Proof of the main Theorem: We proceed by induction over $n \in \Bbb N$, so let $x\neq 0$, then (by Proposition 1 and 4) $$f^{(0)}(x)=\frac{\alpha !}{\alpha !}|x|^{\alpha}=f(x) \quad \text{and} \quad f^{(1)}= \alpha |x|^{\alpha-1}\frac{x}{|x|}=\alpha |x|^{\alpha-2}x.$$ Now suppose that the formula is true for $2n$, then (by Propositions 1 and 5) $$f^{(2n+1)}(x)=\frac{d}{dx}\left(\frac{\alpha !}{(\alpha-2n)!}|x|^{\alpha-2n}\right)=\frac{\alpha !(\alpha-2n)}{(\alpha-2n)!}|x|^{\alpha-2n-1}\frac{x}{|x|}=\frac{\alpha !}{(\alpha-(2n+1))!}|x|^{\alpha-2n-2}x.$$ If the formula is true for $2n+1$, then (by Propositions 1 and 5) $$f^{(2n+2)}(x)=\frac{d}{dx}\left(\frac{\alpha !}{(\alpha-2n-1)!}|x|^{\alpha-2(n+1)}x\right)\\ =\frac{\alpha !}{(\alpha-2n-1)!}\Big(\big(\alpha-2(n+1)\big)|x|^{\alpha-2(n+1)-1}x\frac{x}{|x|}+|x|^{\alpha-2(n+1)}\Big)=\frac{\alpha !}{(\alpha-2n-1)!}\Big((\alpha-2n-1)|x|^{\alpha-2(n+1)}\Big)=\frac{\alpha !}{(\alpha-2n-2)!}|x|^{\alpha-2(n+1)}.$$ Now, if $\alpha>2n$, then, by Corollary 4, clearly $f^{(2n)}(0)=\lim_{x\to 0}f^{(2n)}(x)=0$ and if $\alpha >2n+1$, then, by Corollary 4, $\lim_{x\to 0}f^{(2n+1)}(x)=0$. Now, if $\alpha =2n$, then $f(x)=|x|^{2n}=(x^2)^n=x^{2n}$ and thus $f^{(k)}(0)=0$ for every $k\in \Bbb N$. If $\alpha = 2n+1$, then $$f^{(2n+1)}(x)=\alpha!\frac{x}{|x|}=\alpha!\operatorname{sign}(x)$$ and thus $f^{(2n+1)}(0)$ does not exists.

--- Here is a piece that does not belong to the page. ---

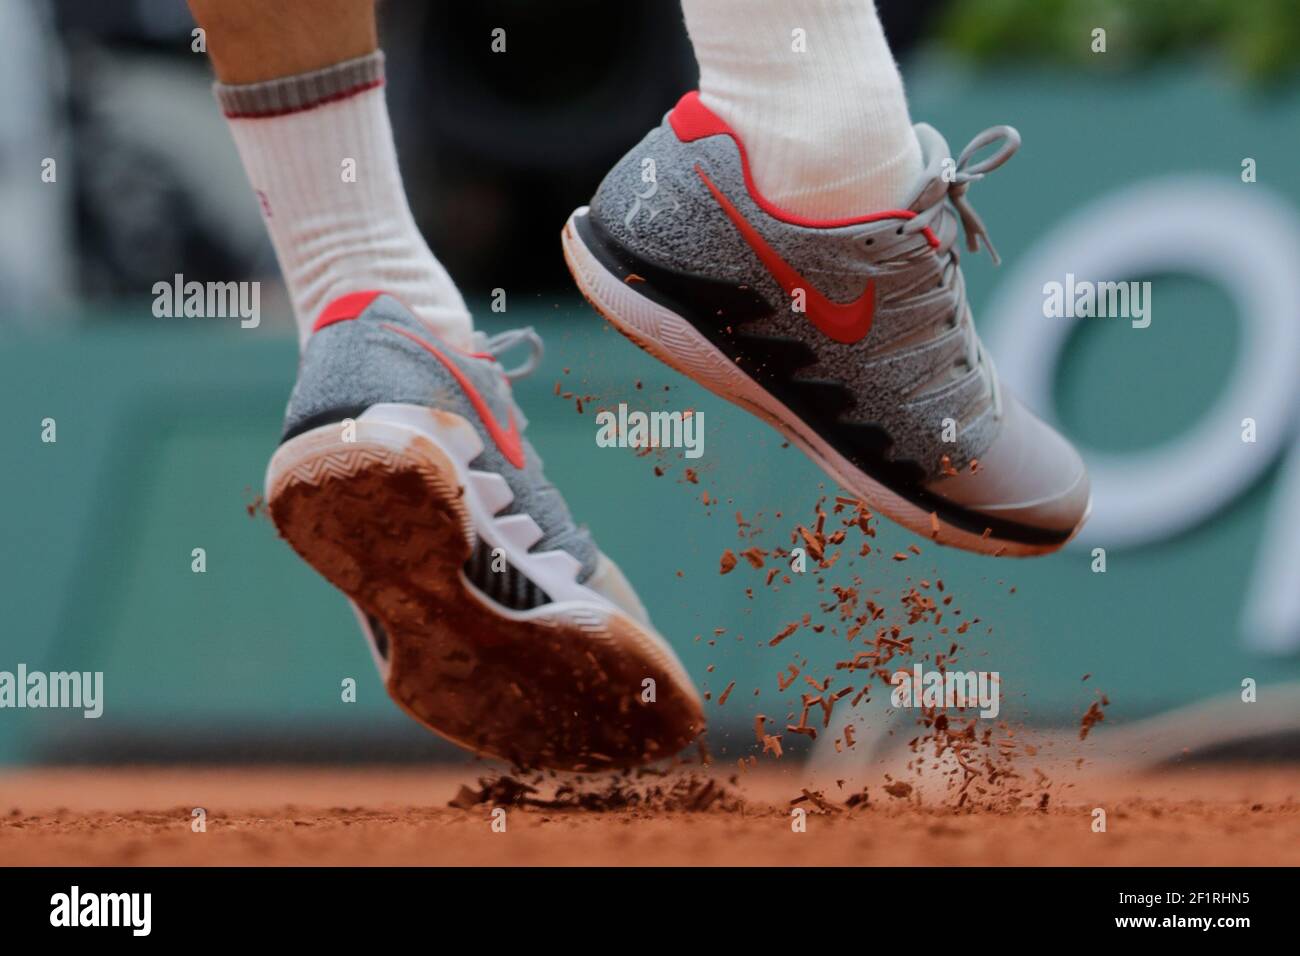 Parcial expedido cerebro Ilustración de las zapatillas Nike Air Zoom vapor 2019 de Roger FEDERER  (sui) durante el Roland-Garros 2019, Grand Slam Tennis Tournament, sorteo  masculino el 4 de junio de 2019 en el estadio

Finally, if $\alpha < 2n$, then $\lim_{x\to 0^+}f^{(2n)}(x)=\infty\neq-\infty=\lim_{x\to 0^-}f^{(2n)}(x)$, i.e. $\lim_{x\to 0}f^{(2n)}(x)$ does not exists. The same argument shows that if $\alpha < 2n+1$, then $\lim_{x\to 0}f^{(2n)}(x)$ does not exists. $\qquad \square$

PS Thank you for this interesting question.


HINT: Using one-side derivatives it is easy to show differentiability in 0 for $a>0$.